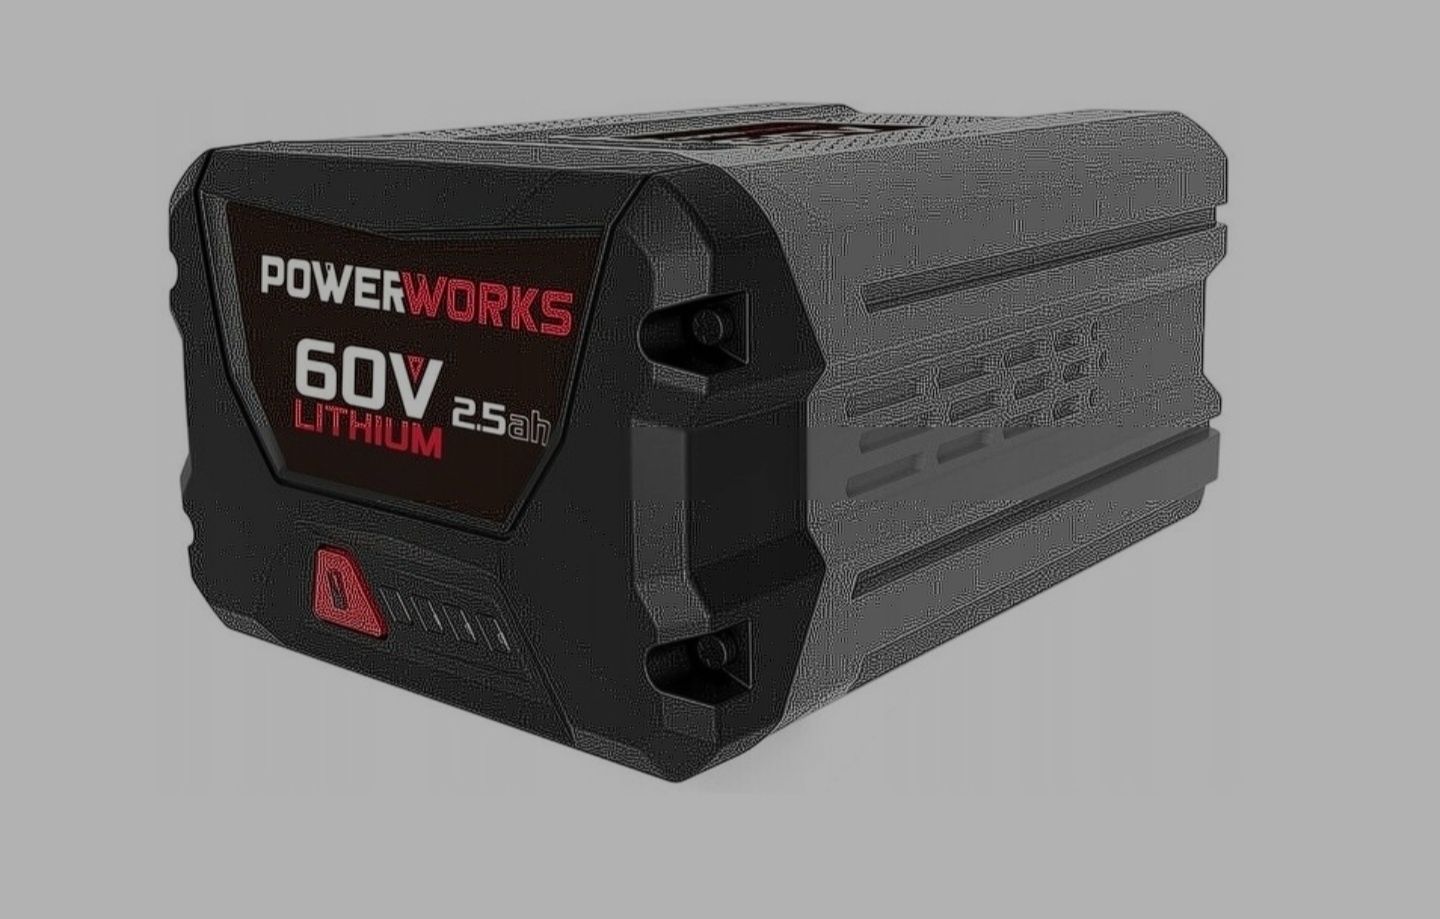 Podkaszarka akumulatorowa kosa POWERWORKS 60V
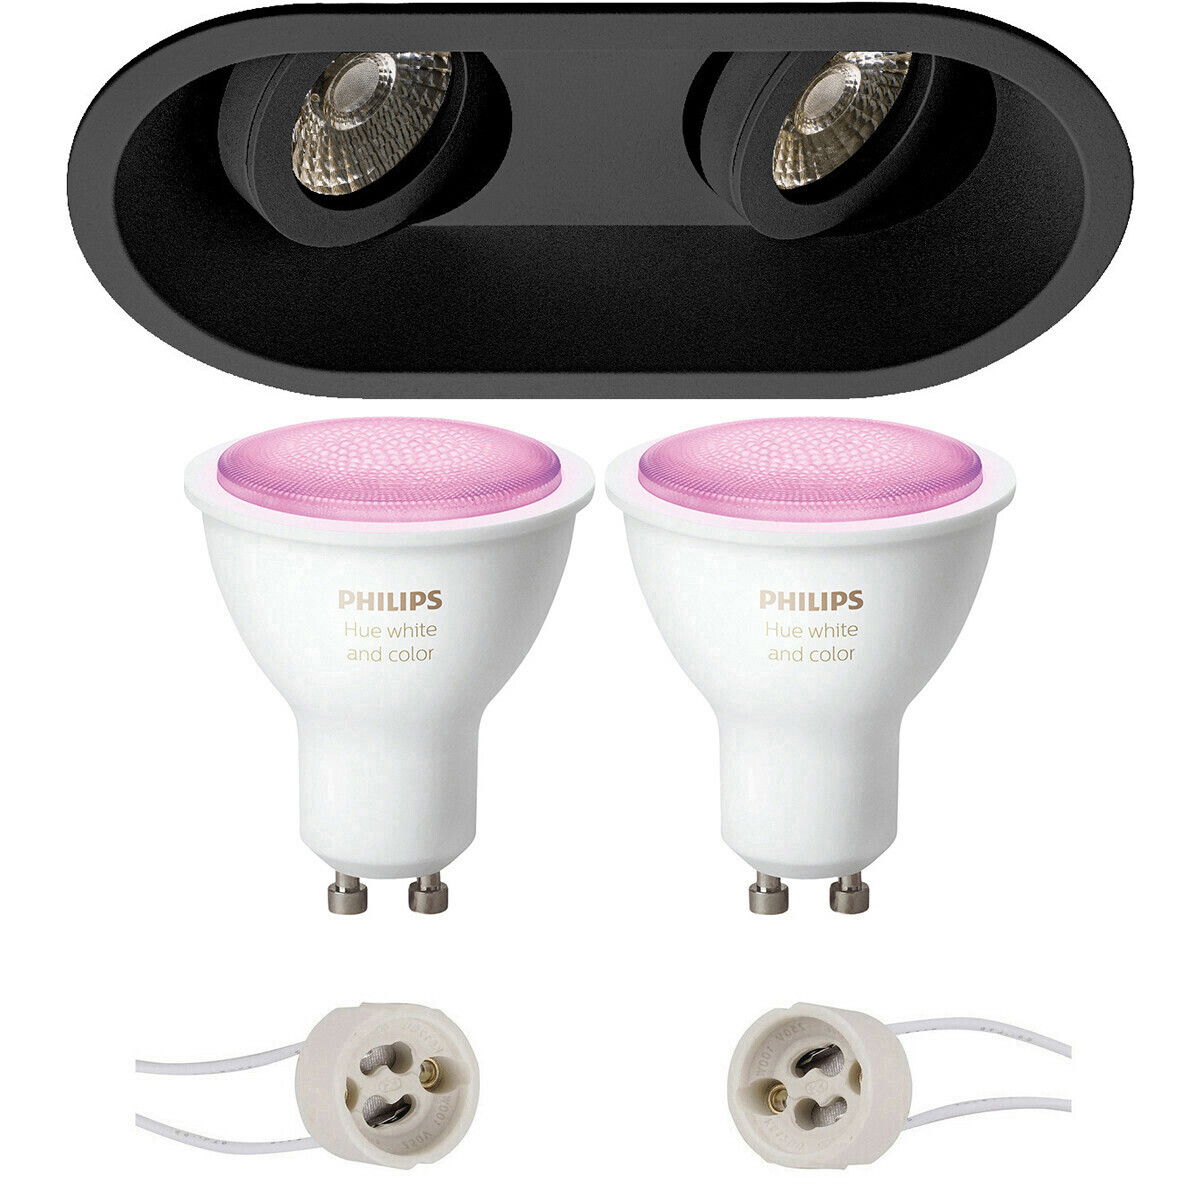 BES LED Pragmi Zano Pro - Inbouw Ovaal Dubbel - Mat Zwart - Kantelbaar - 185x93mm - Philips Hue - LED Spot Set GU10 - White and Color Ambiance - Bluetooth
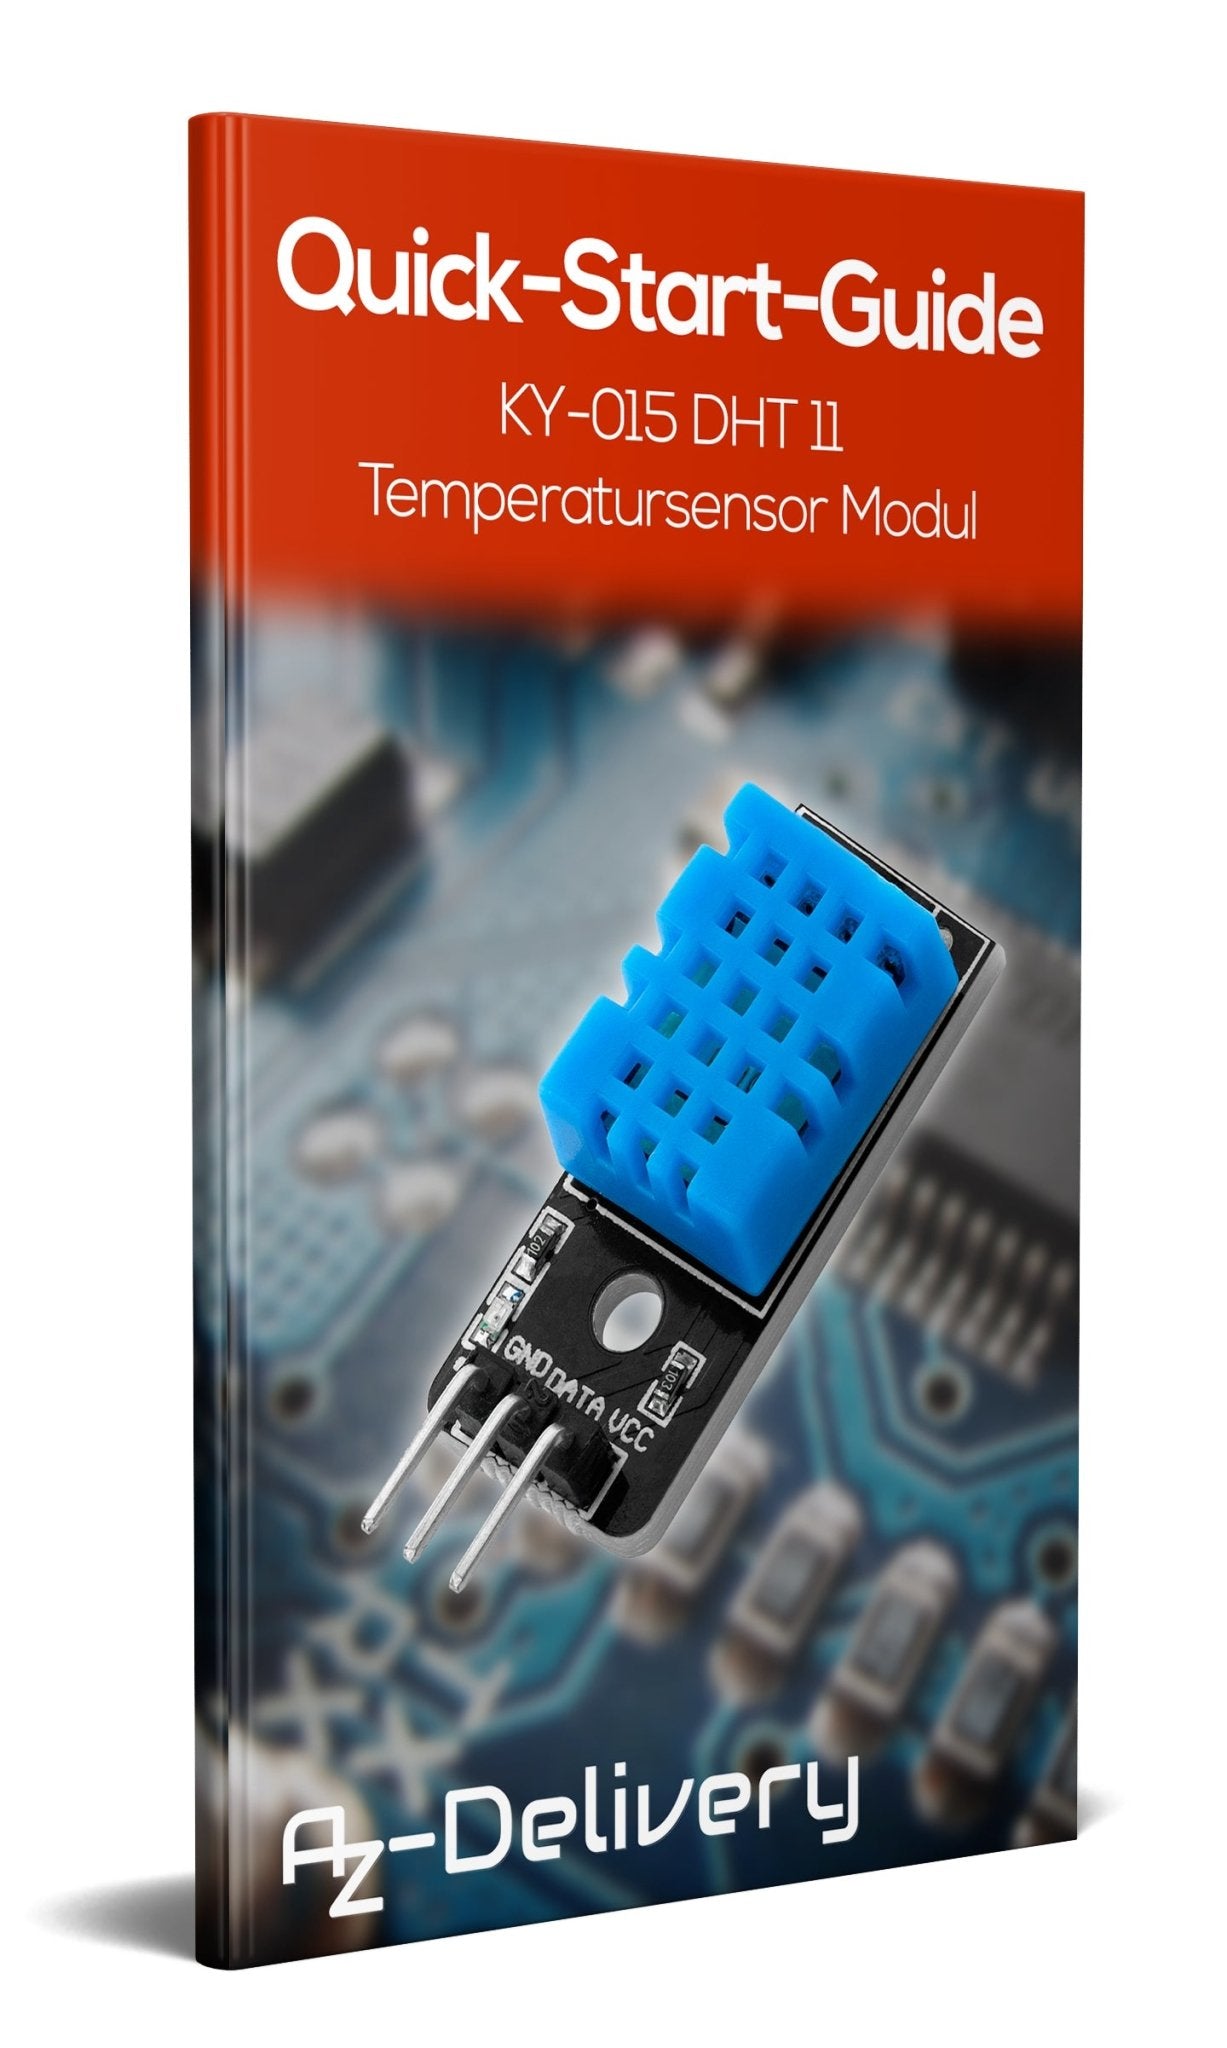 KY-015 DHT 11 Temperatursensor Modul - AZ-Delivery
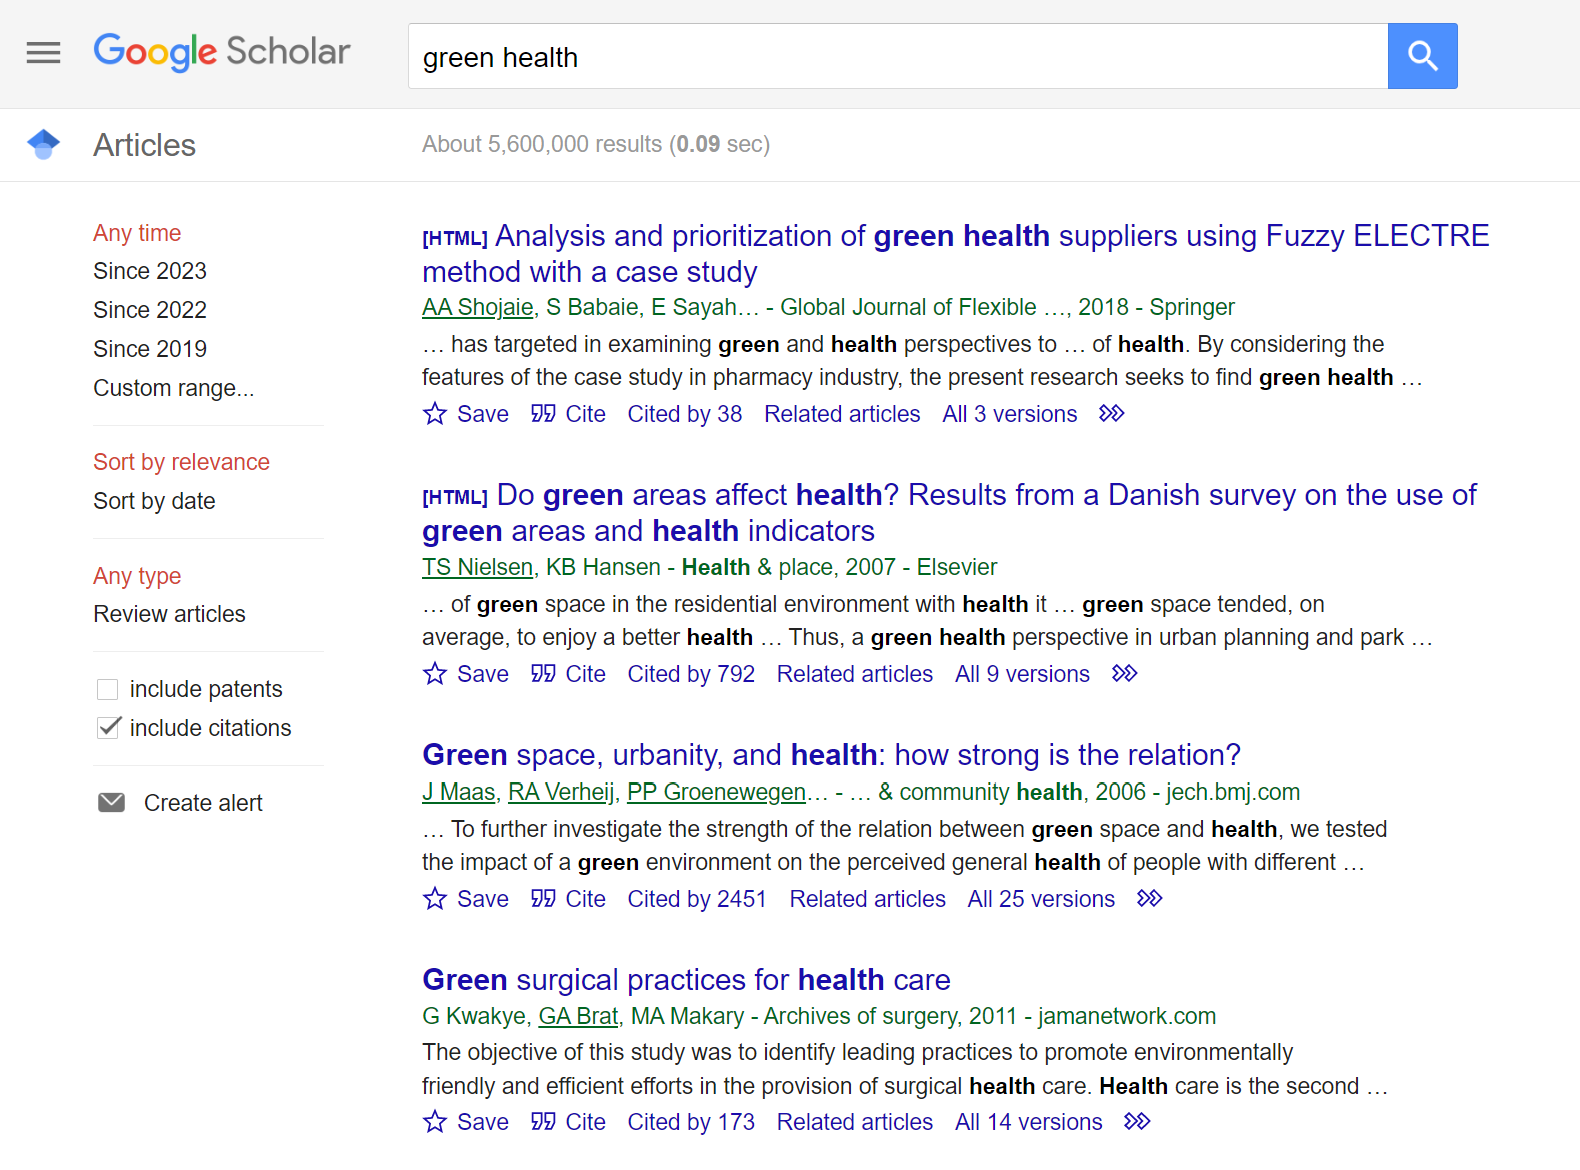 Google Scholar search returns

• • • • • • •

■ WORK REQUEST ■
Pictures included in the data should be dropped; everything else must be repeated exactly.

■ RESPONSE FOR THIS EXERCISE ■
 Podkaszarka akumulatorowa kosa POWERWORKS 60V
 BES LED Pragmi Zano Pro - Inbouw Ovaal Dubbel - Mat Zwart - Kantelbaar - 185x93mm - Philips Hue - LED Spot Set GU10 - White and Color Ambiance - Bluetooth
 KY-015 DHT 11 Temperatursensor Modul - AZ-Delivery
 Google Scholar search returns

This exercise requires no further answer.